A launchpad for hope and a path to independence.
When you feed someone, you are nourishing them, meeting their physical needs and quieting the groans of an empty belly. You are opening the door to a relationship and offering the chance to start over.
That’s why the meals served at Everett Gospel Mission are so important. They are much more than food. They are the beginning of HOPE.
Meals bring people to our doors, but we can’t stop there. People have to be given the tools they need to overcome the obstacles of poverty and homelessness, so they can rebuild their lives.
That’s why we are thrilled about our brand new culinary arts training program, Feed Hope Kitchen.
Feed Hope Kitchen is a rigorous, 14-week, hands-on training and job-placement program designed specifically to give Mission residents the knowledge, skills and confidence they need to work in a restaurant, catering company or other food-related business.
It’s like someone handing you a ticket to a whole new life.
“People move up from the bottom in this industry,” says Nathan, the Feed Hope Kitchen Program Manager. “Almost everyone has washed dishes or chopped vegetables for someone else. To be successful you need a good foundation and basic skills.”
Now, any resident at the Mission can gain those skills and start a new career — all through the support of caring people like you.
“This is an opportunity to give homeless people work that they can be proud of,” says Nathan. We are thrilled to have Nathan, who has a background in the culinary industry as well as teaching, heading up this program. “There’s that old saying about teaching a man to fish. I think you need to teach them to cook that fish,” he says.

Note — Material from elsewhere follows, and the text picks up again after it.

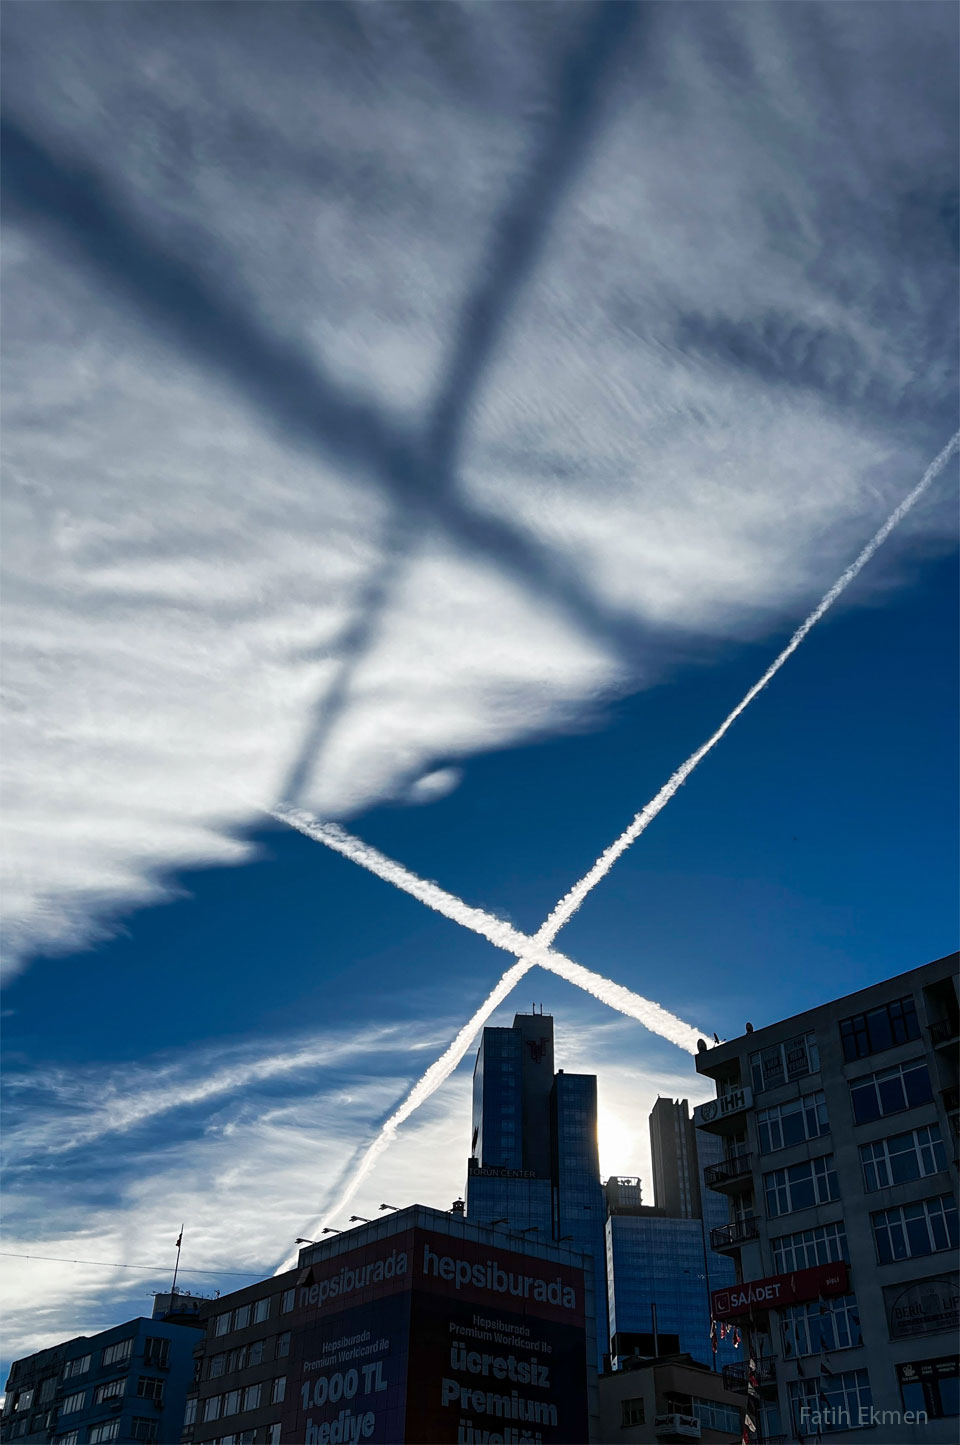 Am Himmel leuchtet ein riesiges X aus Kondensstreifen. Diese werfen einen X-förmigen Schatten auf die Wolken darüber.

Brian*: “The meals here saved my life.”
One of our very first culinary students, Brian, was a bus driver for years until he started having severe migraine headaches. Unable to work, he lost his home. He was forced out on the streets. Trying to get well, Brian quit smoking and adopted a healthy lifestyle. His headaches stopped, but he was still homeless.
One day, he came to get hygiene items and other necessities through the HEN (Housing and Essential Needs) program. After Brian picked up his supplies, he was encouraged to find out more about the Mission. He came inside, was greeted with a hot cup of coffee, and sat down with one of our staff members.

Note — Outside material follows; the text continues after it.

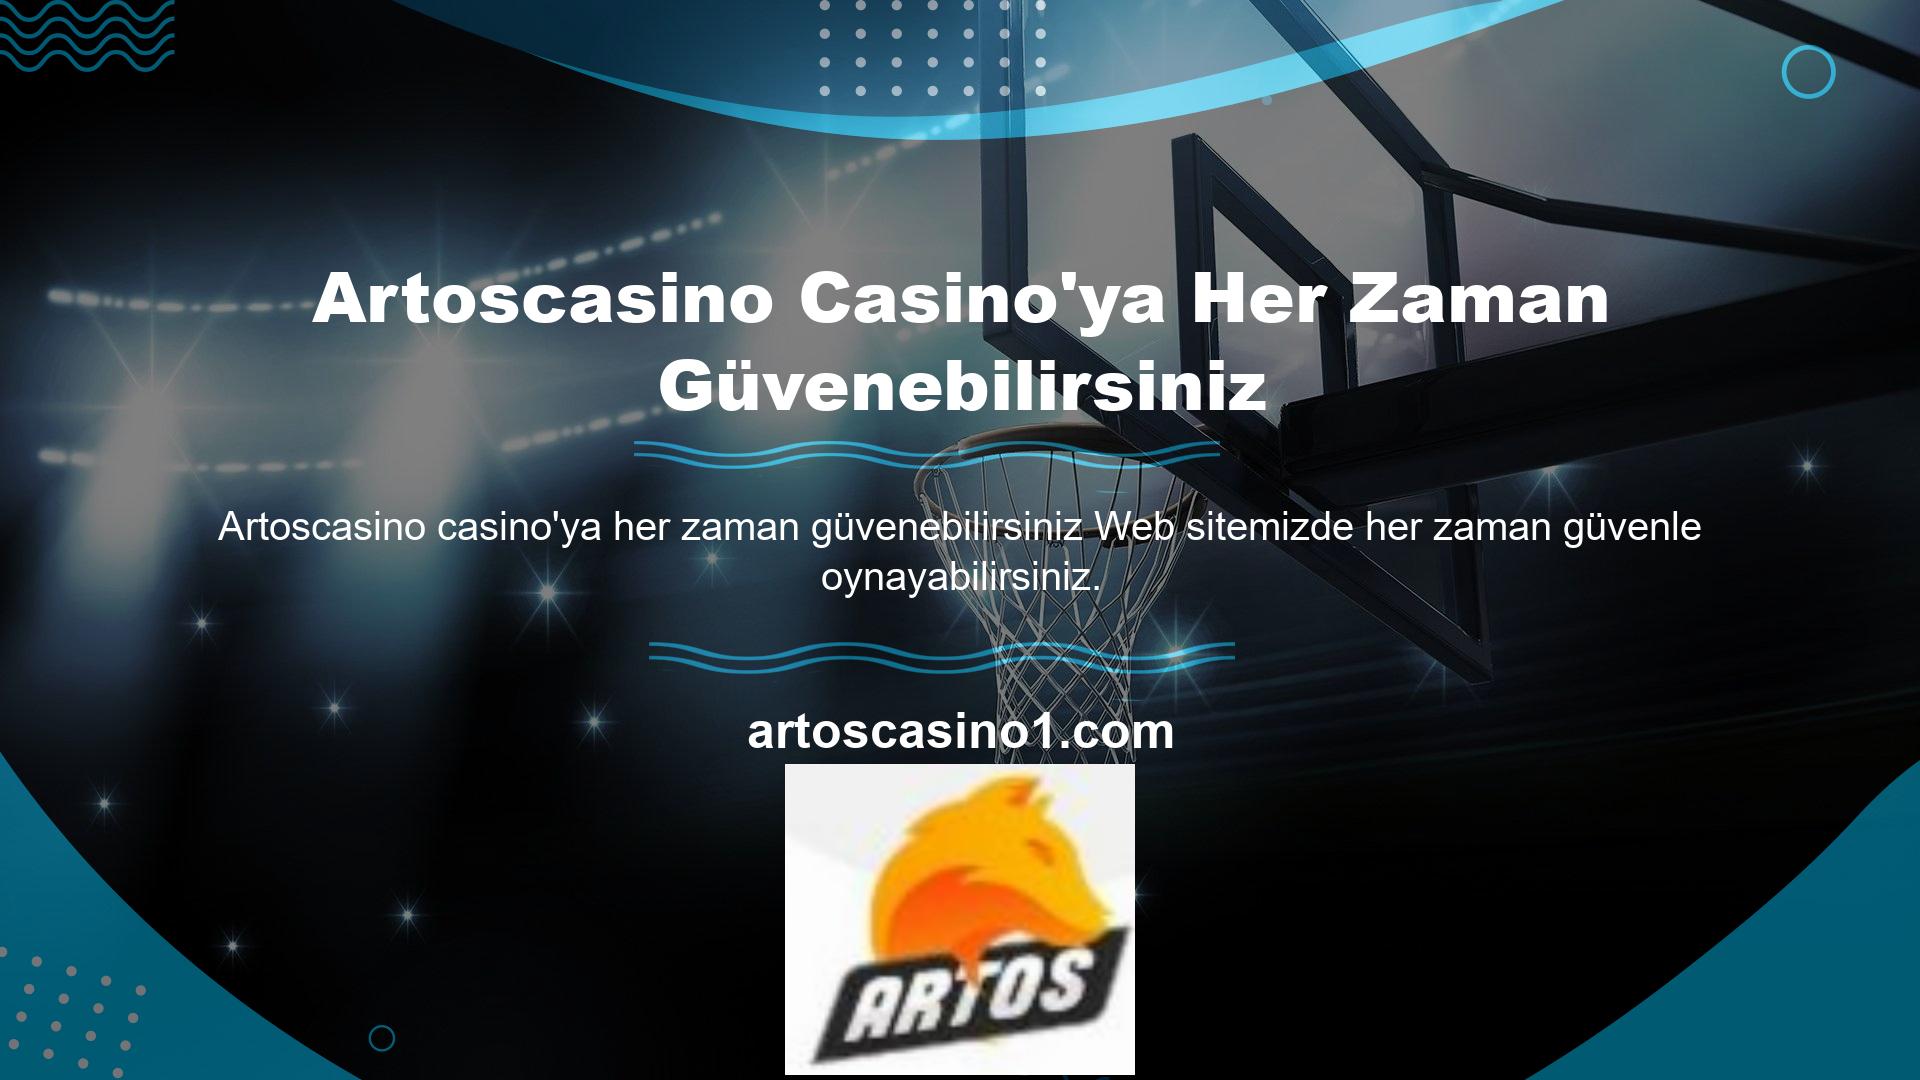 Artoscasino Casino profesyonel bir ekiple çalışmaktadır

“My social anxiety prevents me from asking people for things, so it was really hard,” he remembers. But after he asked for help, and got a bed at the Mission, he was amazed. “I wondered why it took me so long to come here.”
When he heard about Feed Hope Kitchen’s first class, he jumped at the chance to participate.
“To me, it is more than just a program. It is the light on the horizon, the mark of hope,” Brian says. “I can see myself getting a job and doing something productive.”
Brian’s transformation all started because YOU helped meet his basic needs. That’s why food is central to so much of what we do here — it transforms lives.